With pictures left out, output word for word the lines from the one containing "Devlin 691 8' X 10' Gray Polypropylene Rug" through the end of the material below.

## MATERIAL PROVIDED
..........

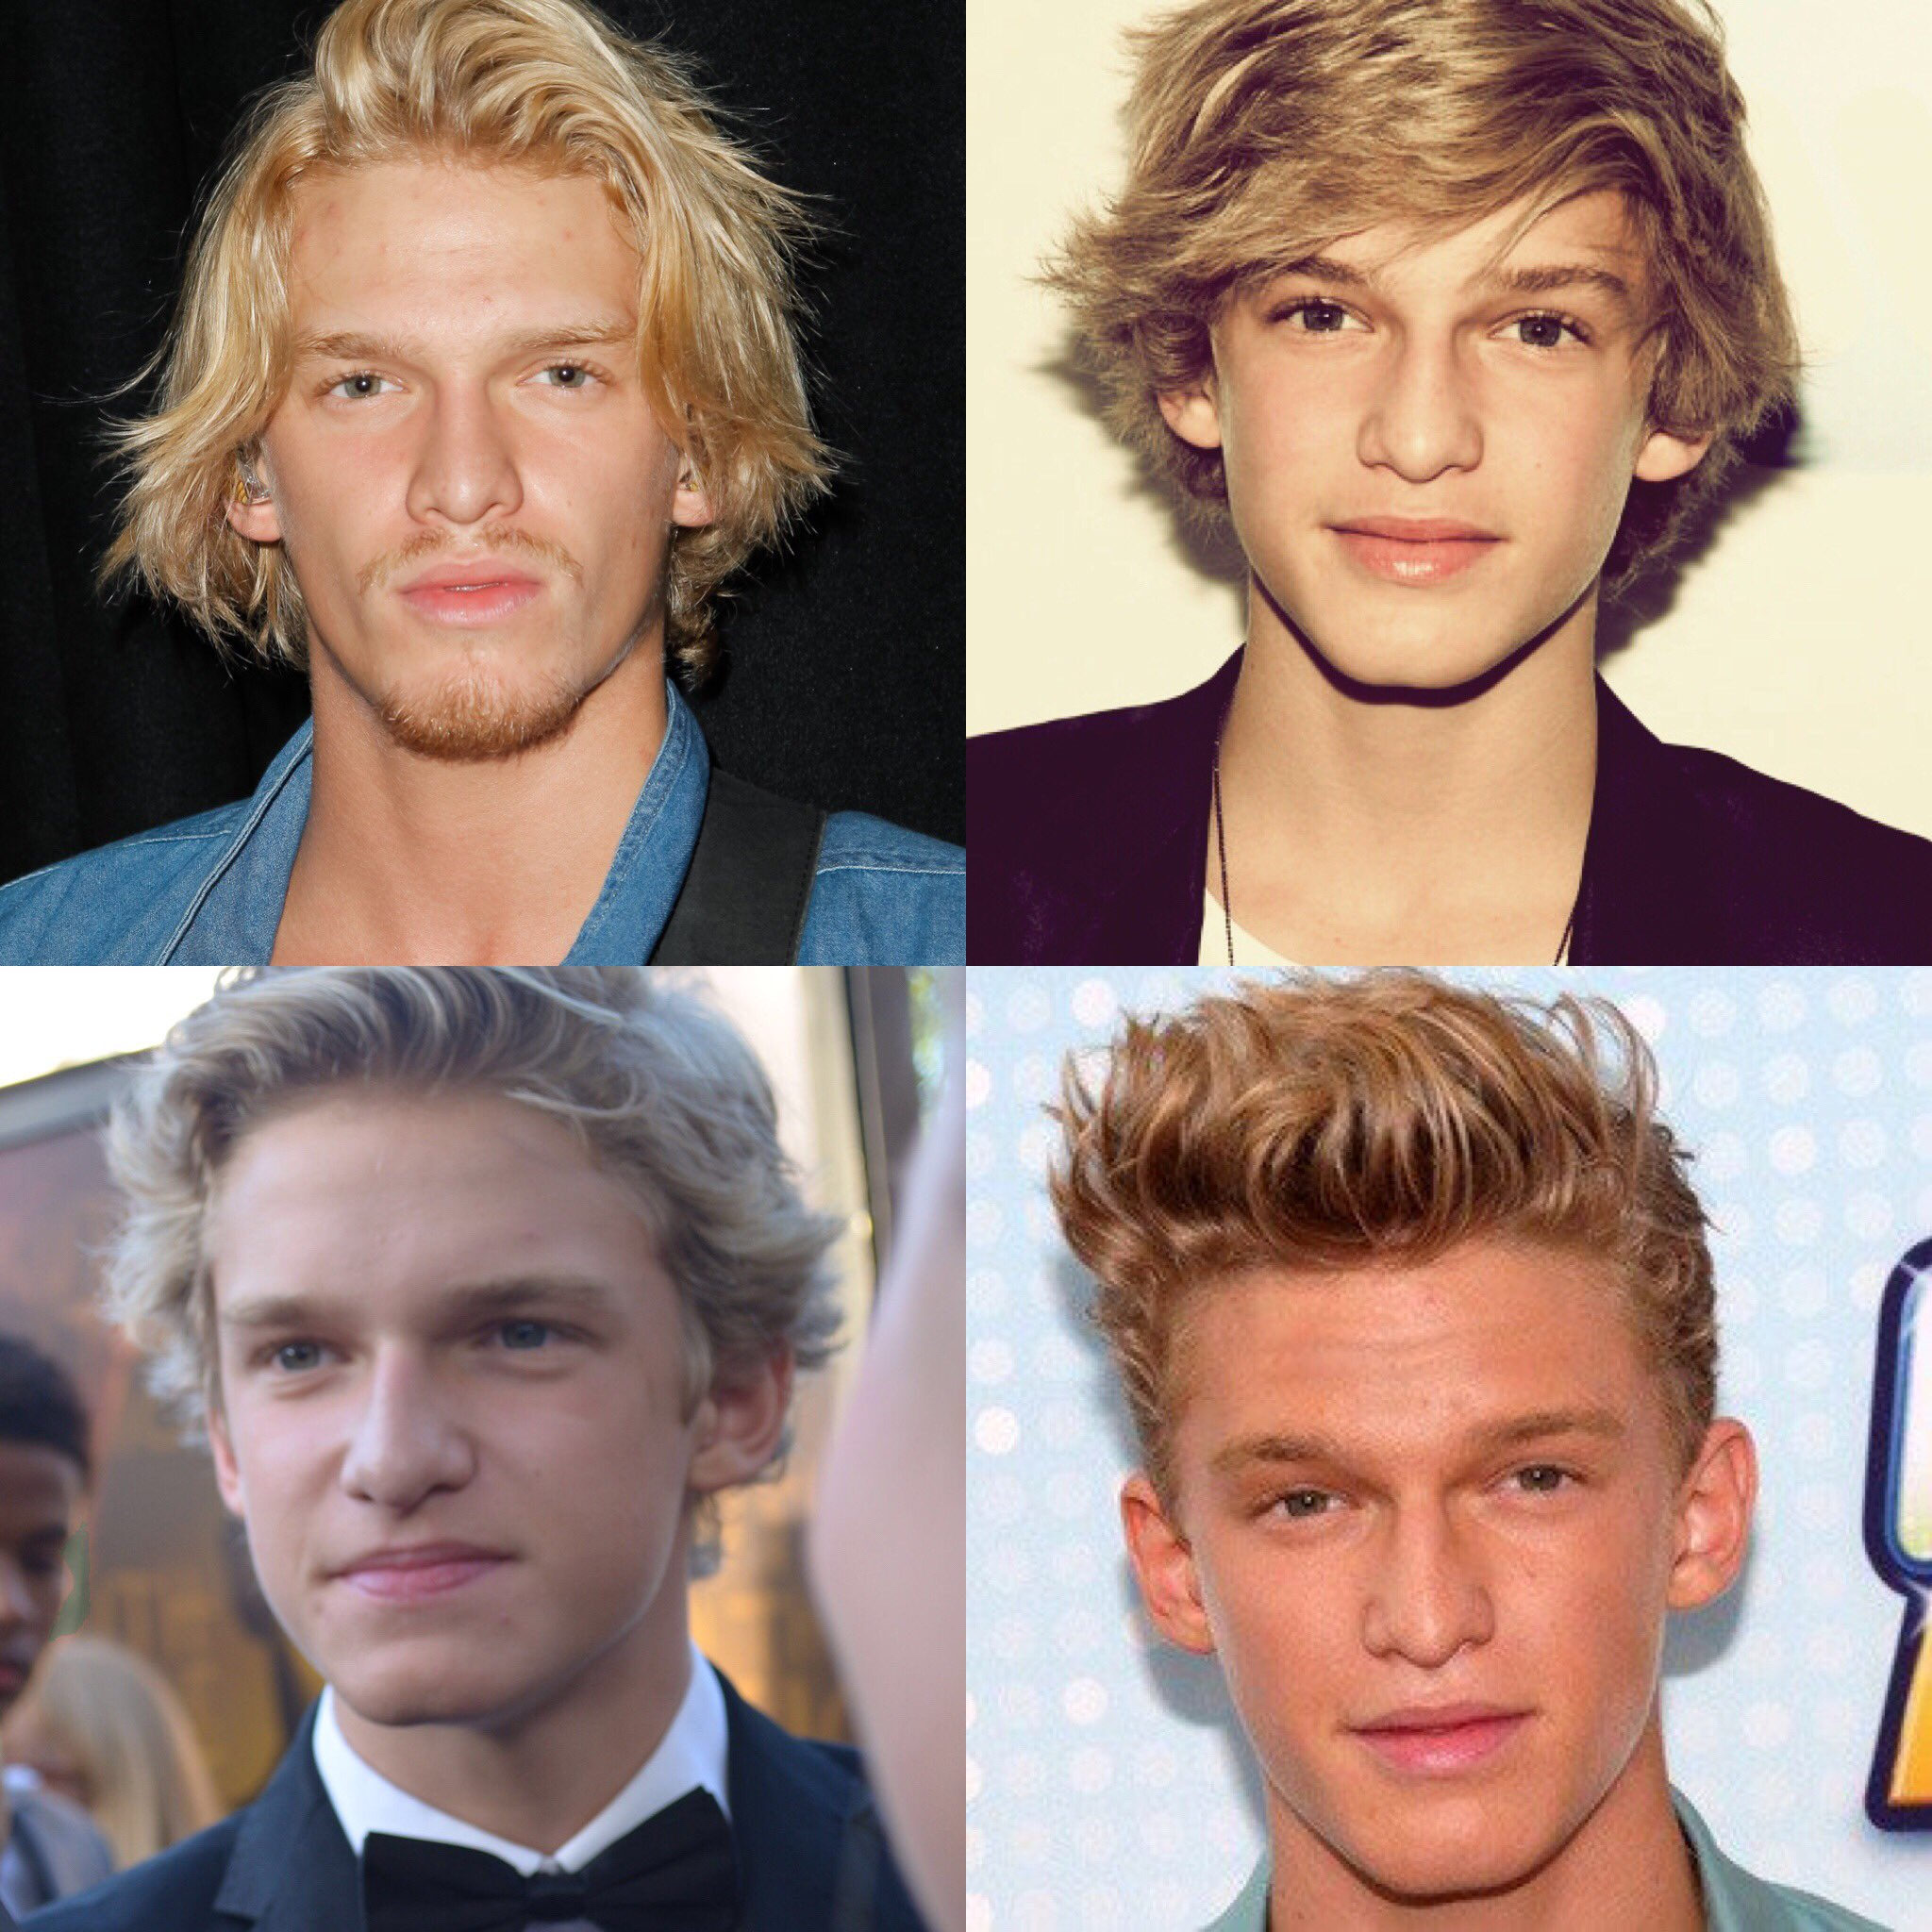 Happy 21 birthday to Cody Simpson. Hope that he has a wonderful birthday.
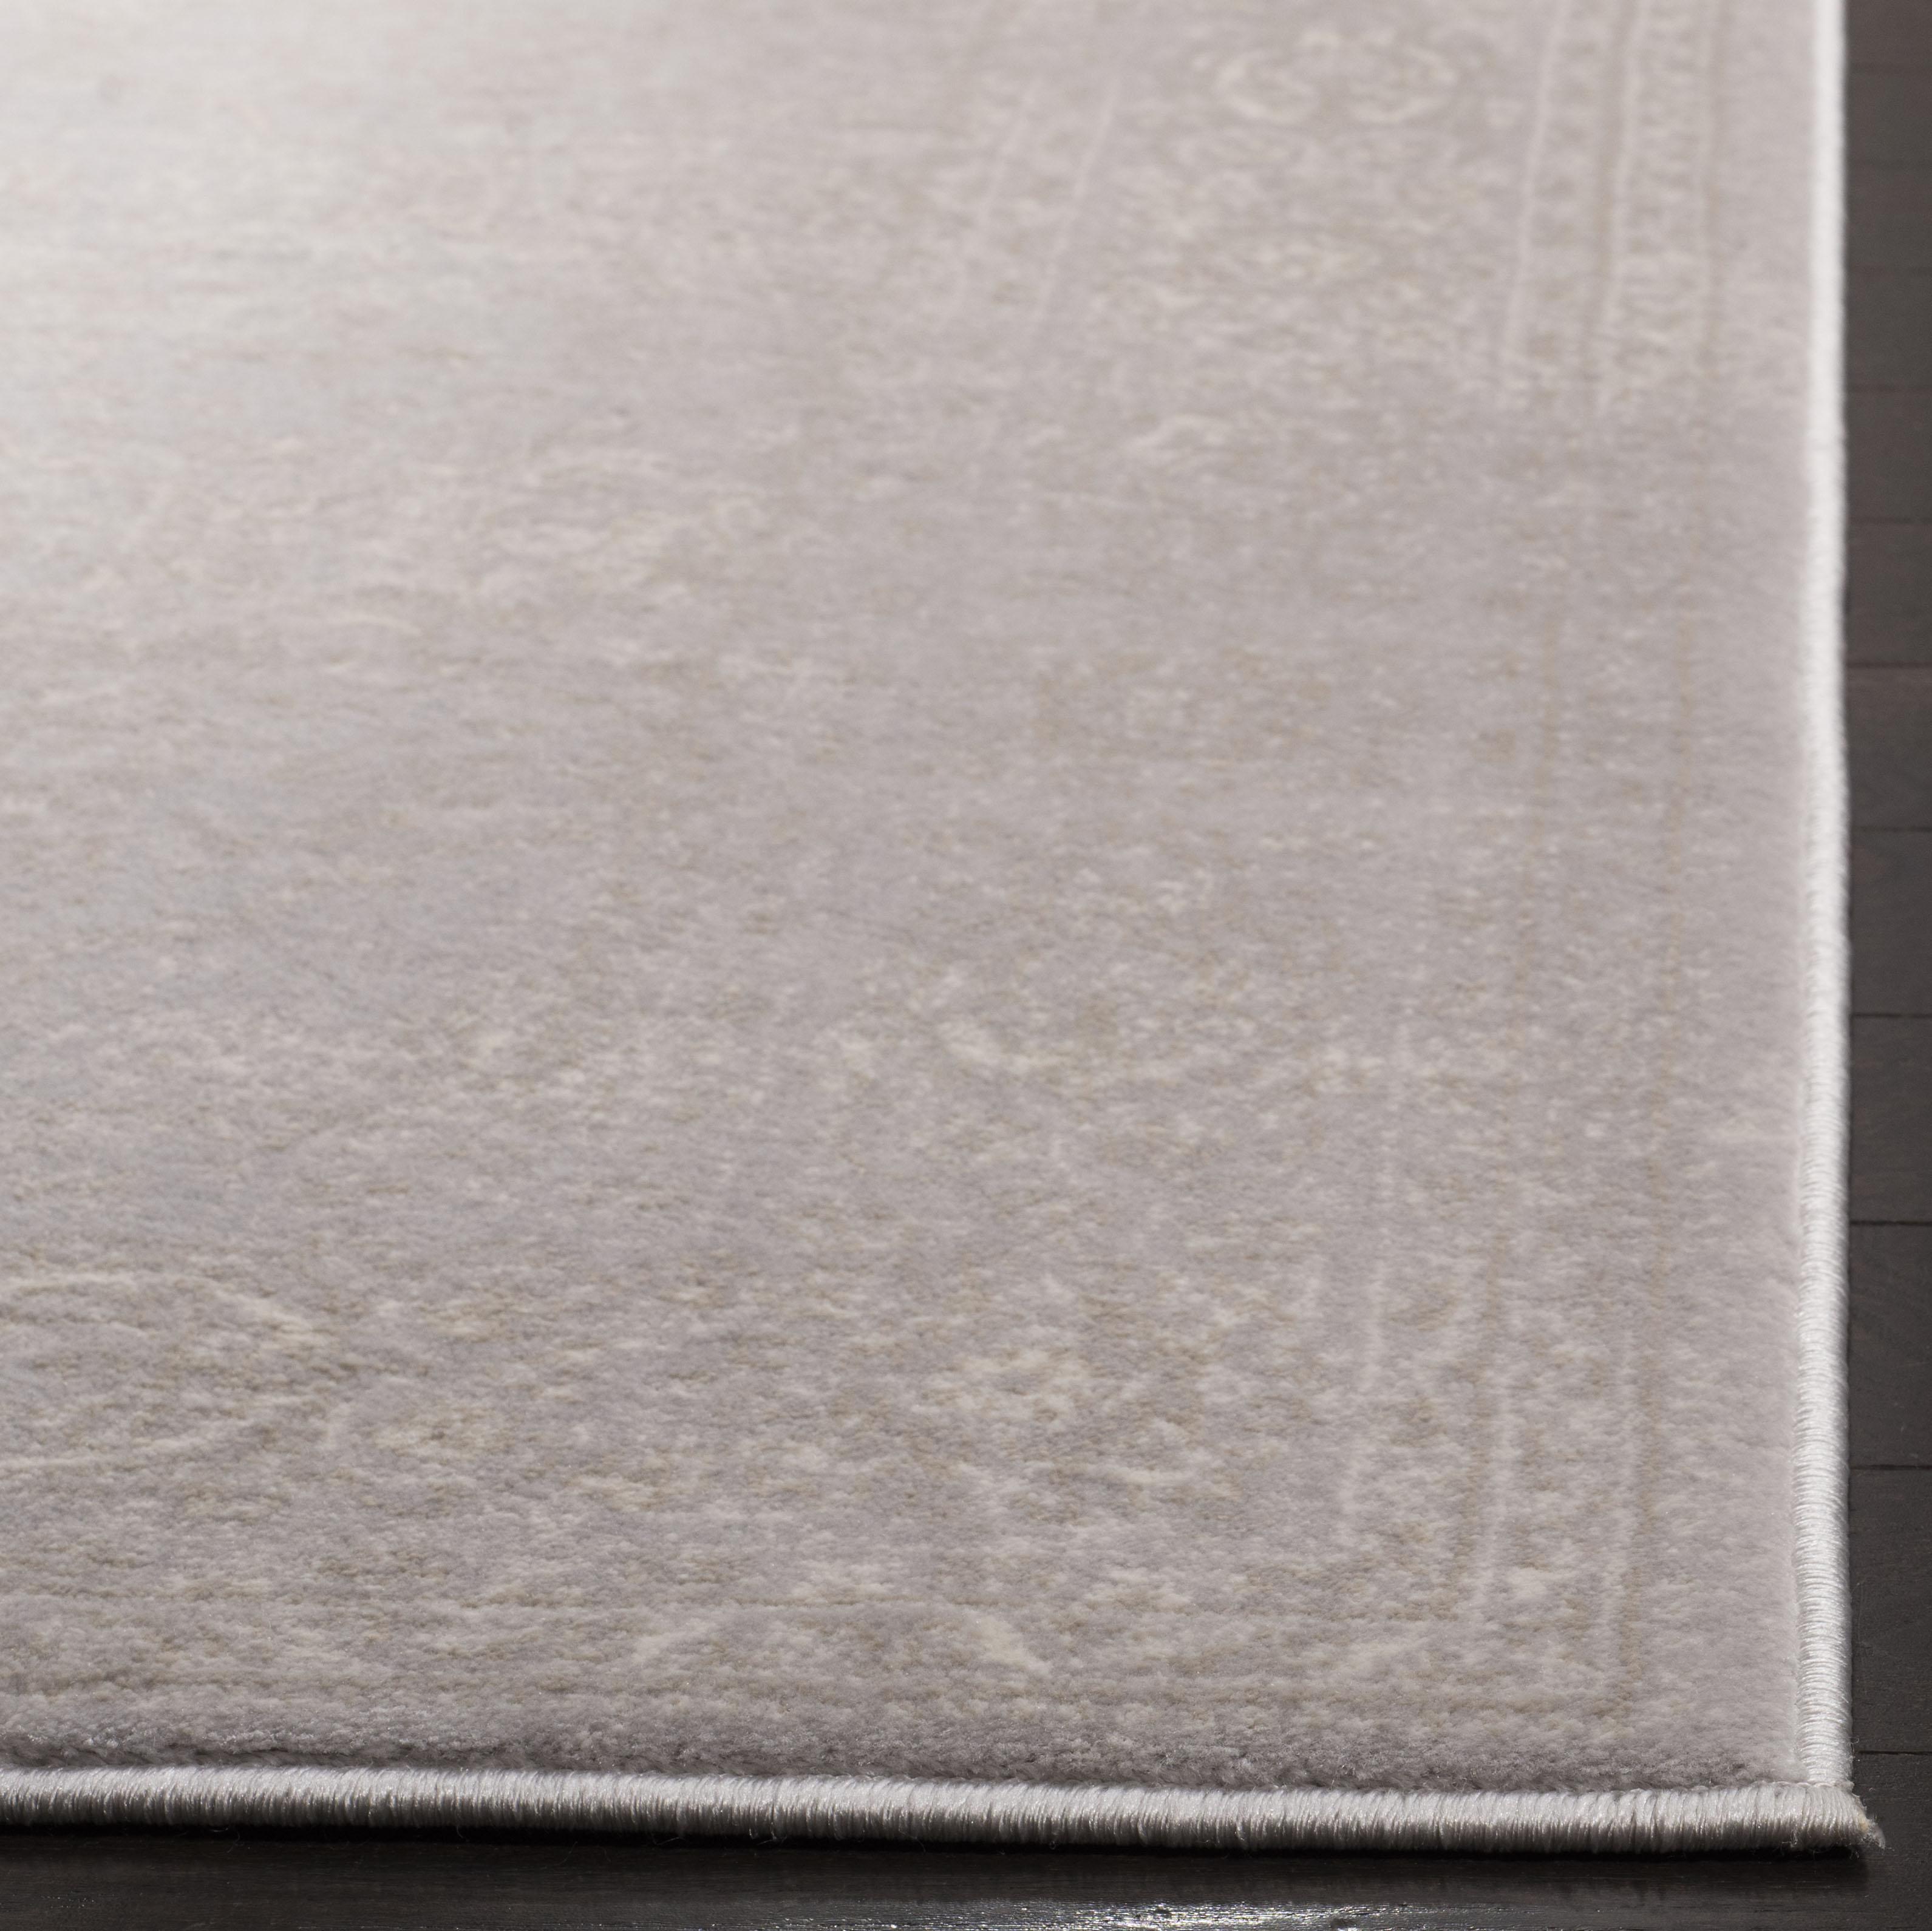 Devlin 691 8' X 10' Gray Polypropylene Rug
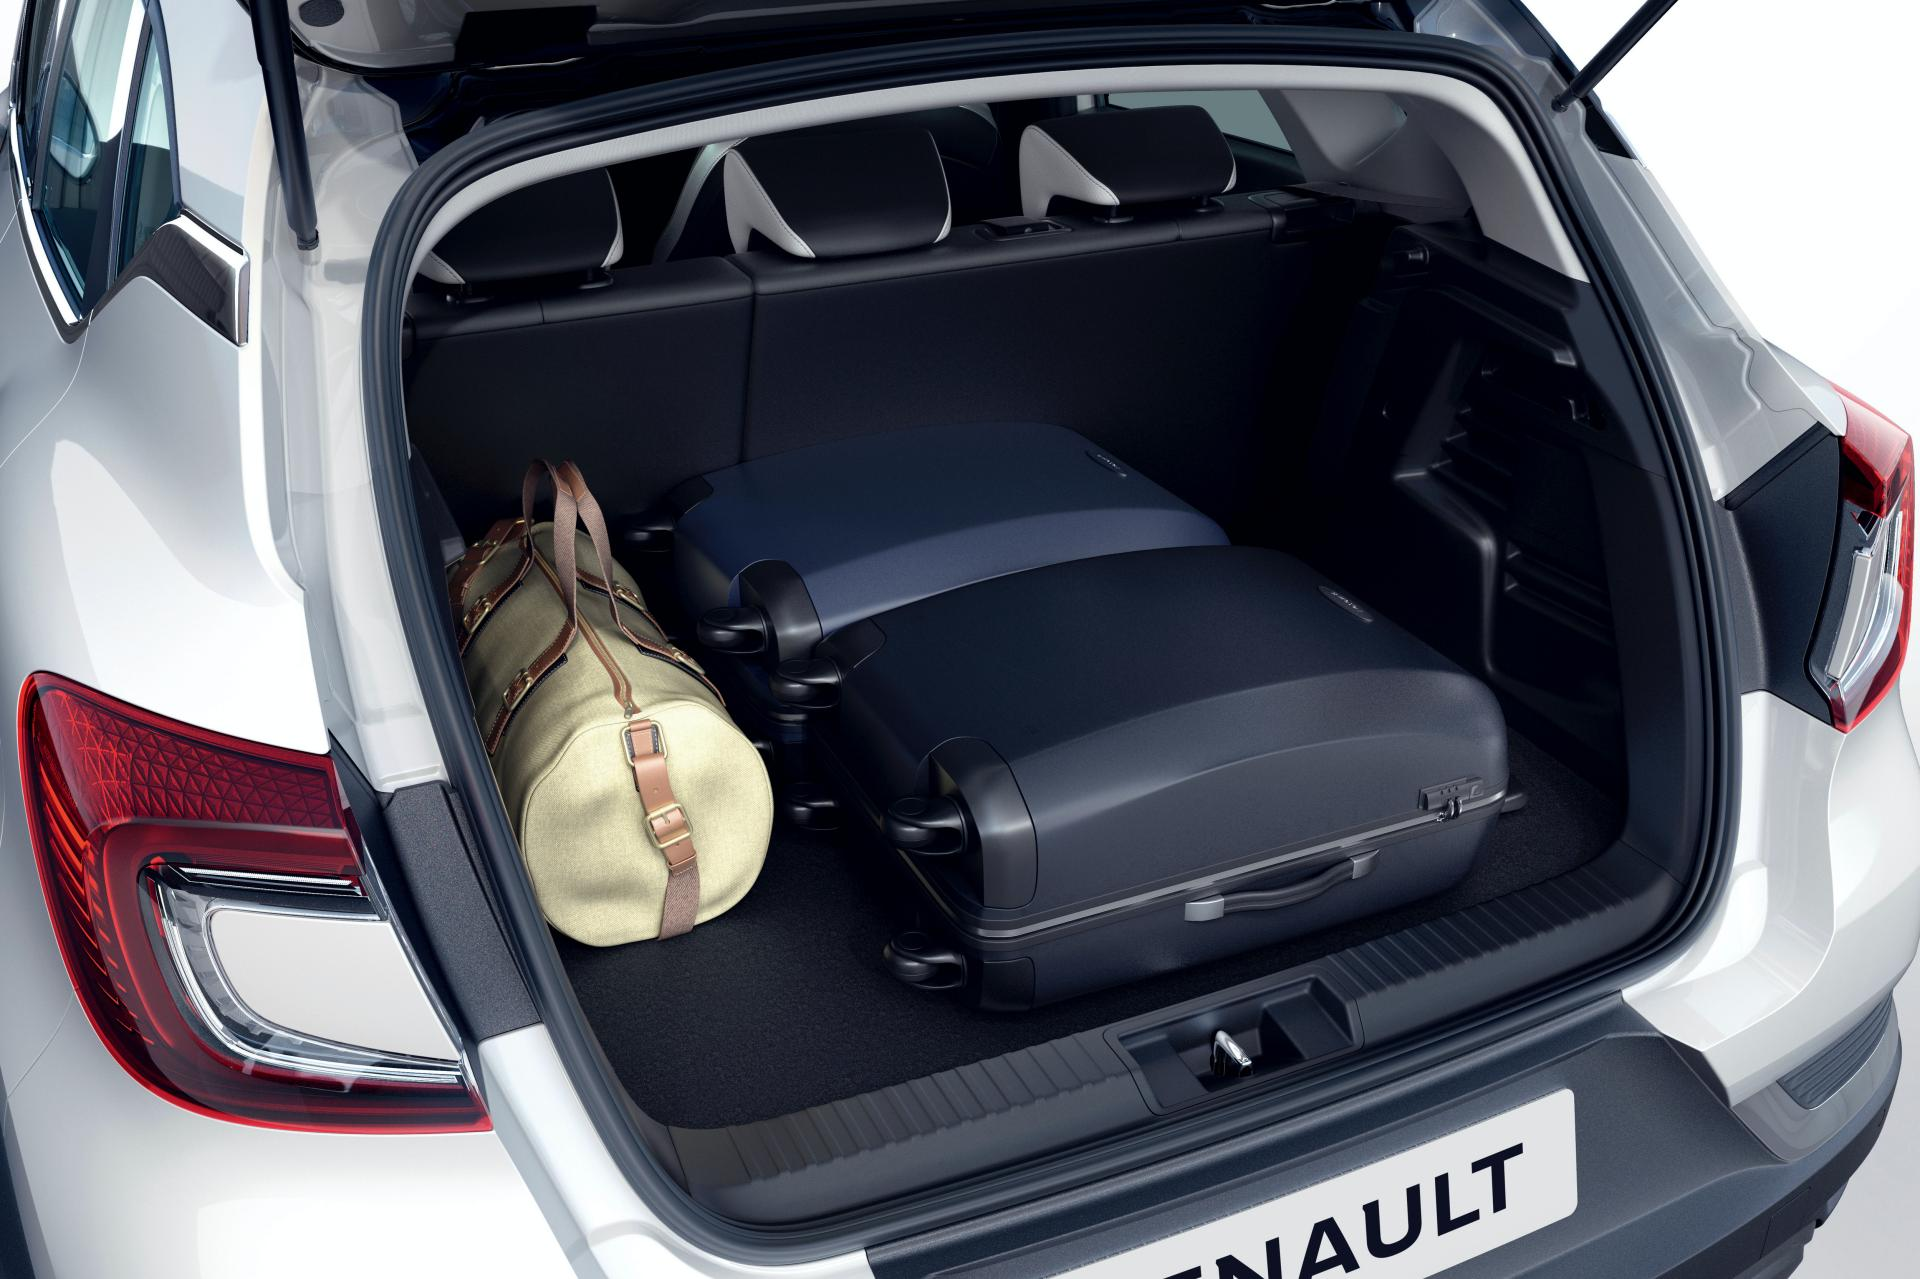 2020-Renault-Captur-E-Tech-plug-in-hybrid-3

..........

## RESULT OF THE EXERCISE
 Devlin 691 8' X 10' Gray Polypropylene Rug
 2020-Renault-Captur-E-Tech-plug-in-hybrid-3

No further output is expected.